I met my new brothers-in-arms at the old Tilston Armouries in Windsor before we bussed up to Meaford, Ont., for Army Reserve basic and infantry training in the summer of 2001.
We beamed that August when we earned our Essex & Kent Scottish Regiment capbadges.
Terrorists hit the twin towers just a month into our military careers. While many of us would put in a few years of Reserve service here in Canada and then head off to university or work, others deployed to Afghanistan to attack al Qaeda at root.
In 2006 during Operation Medusa, one Class of 2001 recruit was severely wounded as American bullets rained down from the sky in one of Canada’s worst friendly fire incidents since Korea.
I’m thinking about him a lot these days.
The Americans are engaged in fresh rounds of diplomacy with the Taliban. Both sides are looking for a political settlement so that the Americans can go home under Trump’s “America First” isolationism and the Taliban can get on with whatever radical Islamists do all day.
And where is Canada? When’s the last time you heard Prime Minister Trudeau or Foreign Minister Freeland lay out a serious vision for the future of a place that hundreds of Canadians died or bled for?
In late January the Americans and the Taliban hammered out the outlines of a deal. It would swap steady US withdrawal — save for a small counter-terror combat force and some extended European support for training Afghan troops — for promises from the Taliban that they wouldn’t harbour international terrorists. Canada is nowhere to be seen at these talks. Apparently our leaders have accepted this will be an America-First exercise. They exclude not only us but the legitimate Afghan government, whose senior national security advisor said the talks are “a humiliation for the Afghan government.”
This is a mistake that could have huge ramifications for the legacy Canada will leave in Afghanistan.
Trump’s impulse to retreat risks throwing away all of the real — though unfinished and halting — progress made in that country. Legitimate Afghan political control exists over most cities and a majority of the population. Education in that country remains a tremendous challenge, but there’s a foothold to build on. And most importantly, having 15,000 or so allied troops in Afghanistan means credibility for the fledgling rule of law, a forward presence to disrupt and destroy terror cells, and a watchful allied presence in a region rife with geopolitical and terror risks to the US and its friends and allies.

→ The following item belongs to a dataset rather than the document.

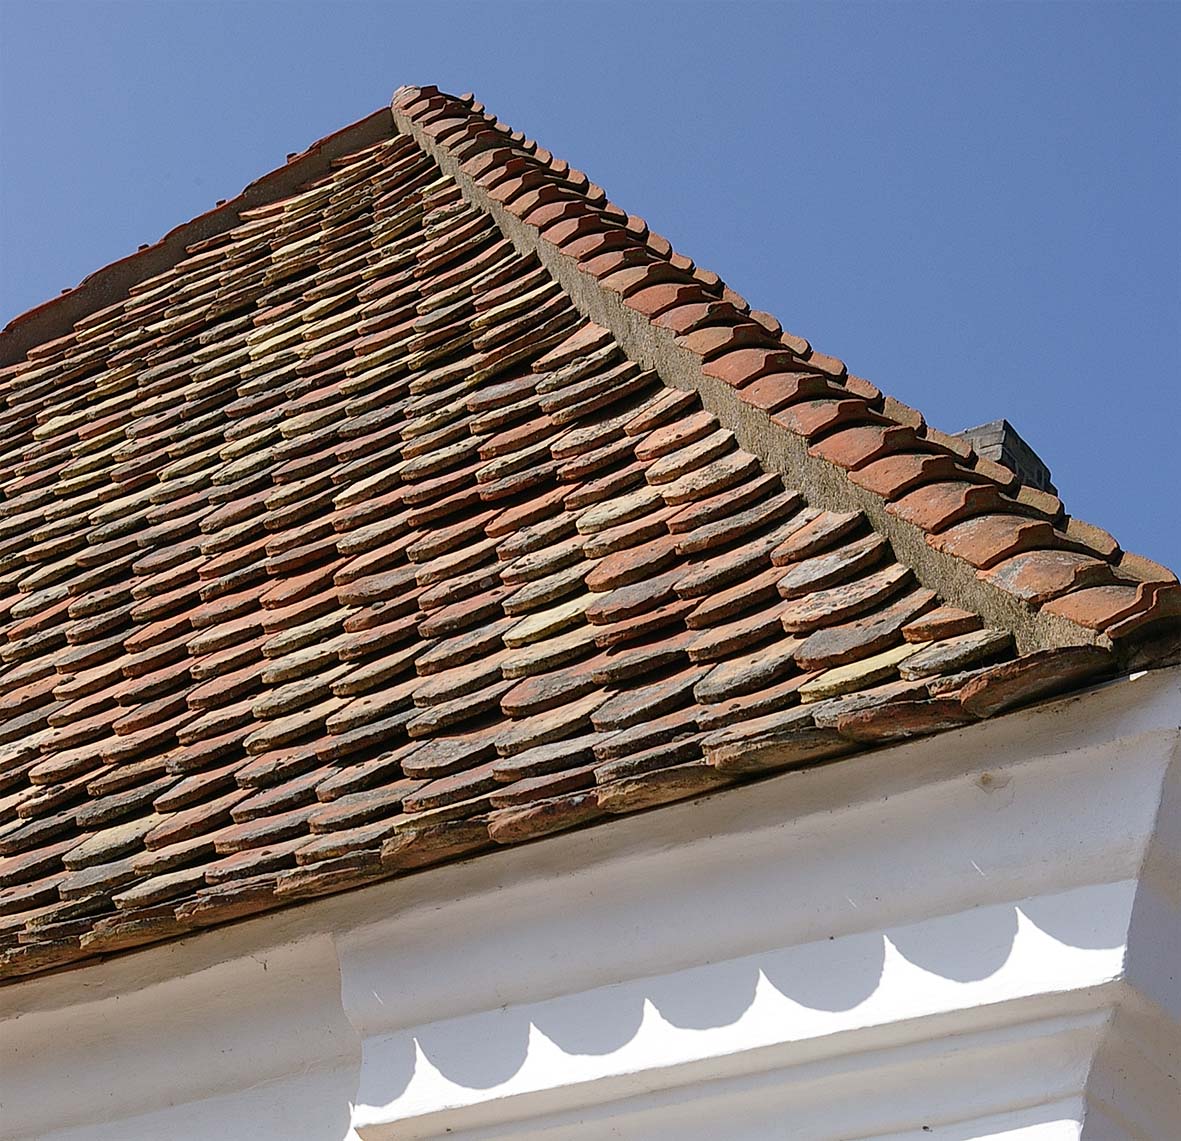 La tuile plate est un type de tuile conçu pour les toits à 45°. © Sven Rosborn, CC BY-SA 3.0, Wikimedia Commons

No one is more concerned about the US pull-out than Afghan women. In February, at an event unthinkable under the country’s once and potentially future Taliban rule, a gathering of more than 700 Afghan women came together to express to Afghan president Ashraf Ghani their fear about what an allied withdrawal will mean for their well-being. “You should put (Taliban) killers in prison, not make peace with them,” said one attendee according to reporting from the New York Times.
In all this, Canada’s legacy in Afghanistan is at stake.
Canadians fought there to destroy the thugs who murdered our American friends and to address 21st century security threats like clear-eyed adults. Will Canada’s leadership allow Trump to throw that all away?
It won’t take long. Locking in defeat will be easy. The Jihadists are itching to re-enslave swaths of the Afghan population temporarily empowered by western and indigenous Afghan efforts — especially women. Terrorist organizations such as ISIS-K, Islamic State’s Afghan subsidiary, are lying in wait.
Of course it’s true that nothing — even wars — lasts forever. And it’s legitimate, however misguided, for the Trump administration to want to cut losses.
But Canadians died and suffered gross injury in Afghanistan. We deserve a seat at the table.
It should be remembered that after World War One, Canada insisted on our own seat and our own say in the councils of the world like the League of Nations. It was a right our citizens earned with blood.
Given Canada’s role combating post-9/11 terror, we deserve no less a say in western Asia’s future this century than we did in Europe’s a hundred years ago.
At the very least, we deserve political leadership that will doggedly pursue it.